The part of your body people see the most, especially in the summer, are your arms and shoulders. When you put on a tank top, do you like the way your shoulders look? Many women, especially those that don’t weight train, have narrow shoulders that lack definition. Narrow shoulders make you look weak and it makes your waistline look larger. However, when you have broad, defined shoulders, it creates a taper that makes your waist appear smaller than it actually is. Plus, narrow shoulders also make your hips look wider, thereby throwing off the symmetry of your physique. Broad shoulders, by creating symmetry, can give your physique an hourglass appearance.

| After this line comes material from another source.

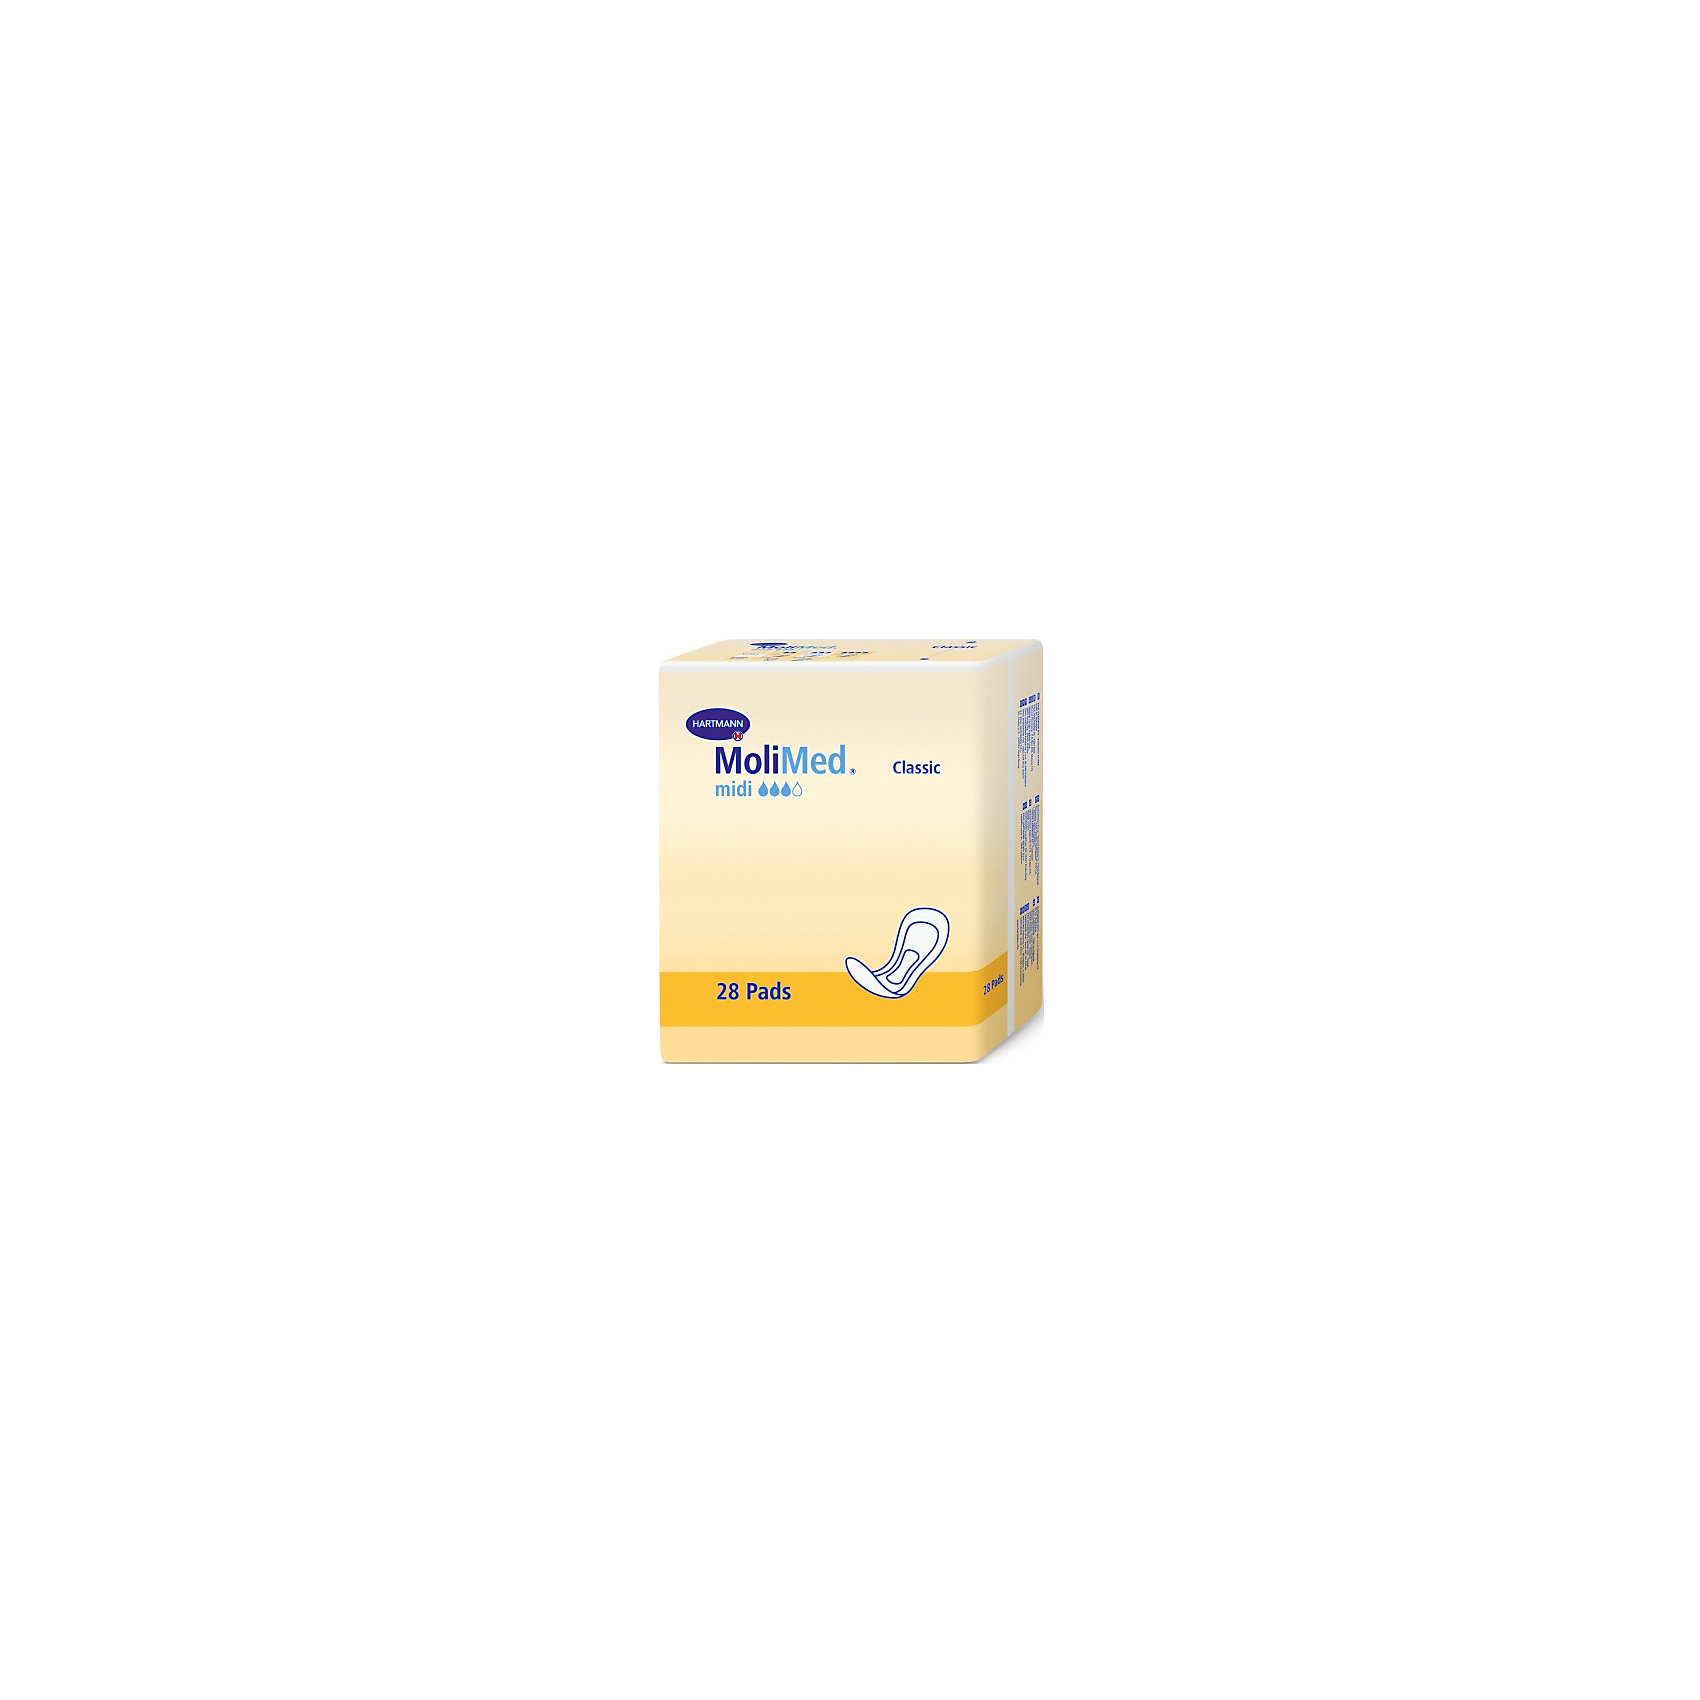 Прокладки MoliMed Classic midi впитываемость 441 мл, 28шт, HartmannСредства для ухода<br>Прокладки анатомической формы, изготовленная из экологически чистого сырья, с трехслойной впитывающей подушкой<br>- Суперабсорбент High Dry SAP, превращающий жидкость в гель, сохраняет кожу сухой, удерживает жидкость и запах внутри<br>- Верхний впитывающий слой на основе закрученной целлюлозы оказывает антибактериальный эффект и поддерживает благоприятный для кожи фактор pH 5,5<br>- Трехслойная впитывающая подушка обеспечивает максимальную впитываемость при минимальной толщине<br>- Широкая клеящая полоска надежно фиксирует прокладку к белью, препятствуя смещению.<br>- Дерматологически протестированы, не раздражают кожу<br><br>Ширина мм: 120<br>Глубина мм: 220<br>Высота мм: 150<br>Вес г: 650<br>Возраст от месяцев: 216<br>Возраст до месяцев: 1188<br>Пол: Унисекс<br>Возраст: Детский<br>SKU: 4796668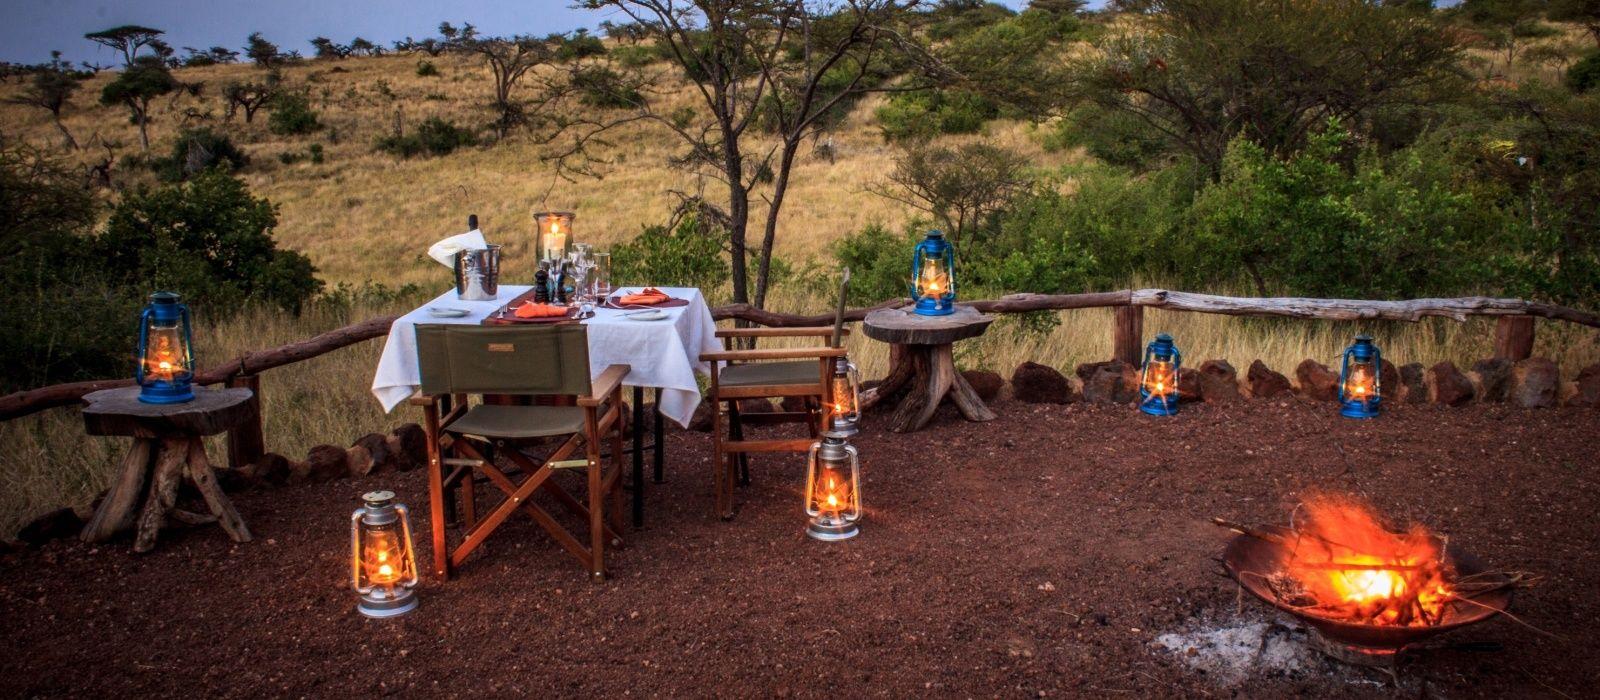 Wildes Kenia – Luxus Safari Reise Urlaub 1

You might feel that your shoulders are limited by the size of your bone structure. Some people have a frame that’s naturally narrow or broad at the shoulders. You can’t change your bone structure – but don’t forget, there is muscle overlying the shoulder bones. You can build the size of your shoulders by hypertrophying the muscle. By enlarging the muscles, you can broaden your shoulders and correct problems like sloping shoulders as well.
Training to Broaden Your Shoulders
The muscles to focus on when you’re training your shoulders are the deltoids – but, remember, the deltoid is divided into three parts: the anterior, lateral, and posterior delts. Of course, you want to train each of these portions of the muscle, but if you’re trying to broaden your shoulders, devote a bit more time to your lateral delts. Since this is the portion of the deltoids that are on the sides of your shoulders, hypertrophying them will increase the width of the shoulders most effectively.
So, what’s the best way to train the lateral delts? The lateral part of the deltoids abducts or raises your arm away from the center of your body. One of the best exercises for targeting this portion of the delts are lateral raises. You probably do this exercise using dumbbells but you can alter the stimulus on the muscle by using cables or resistance bands as an alternative.
When you do lateral raises with dumbbells, you might be tempted to use a heavy weight. For this exercise, stick to lighter weights, at least until you’ve mastered proper form. You’ll find that even with lighter weights, the burn comes quickly. Use a weight that you can do 10 to 15 reps before fatiguing and focus on using the best form possible. Once you’ve mastered the form using lighter weights, increase the resistance you use until you can only do 8 to 10 reps before thoroughly fatiguing the muscle. When you raise the dumbbells, don’t move them higher than parallel. Doing so shifts the focus of the exercise to your upper trapezius muscle.
Other Exercises that Target the Lateral Deltoid
Another exercise that hones in on the lateral portion of the deltoid is upright rows. To maximize recruitment of muscle fibers in the lateral delts, widen your grip. Use a barbell and shift your hand position laterally until your hands are shoulder-width apart. This wider grip shifts the focus laterally.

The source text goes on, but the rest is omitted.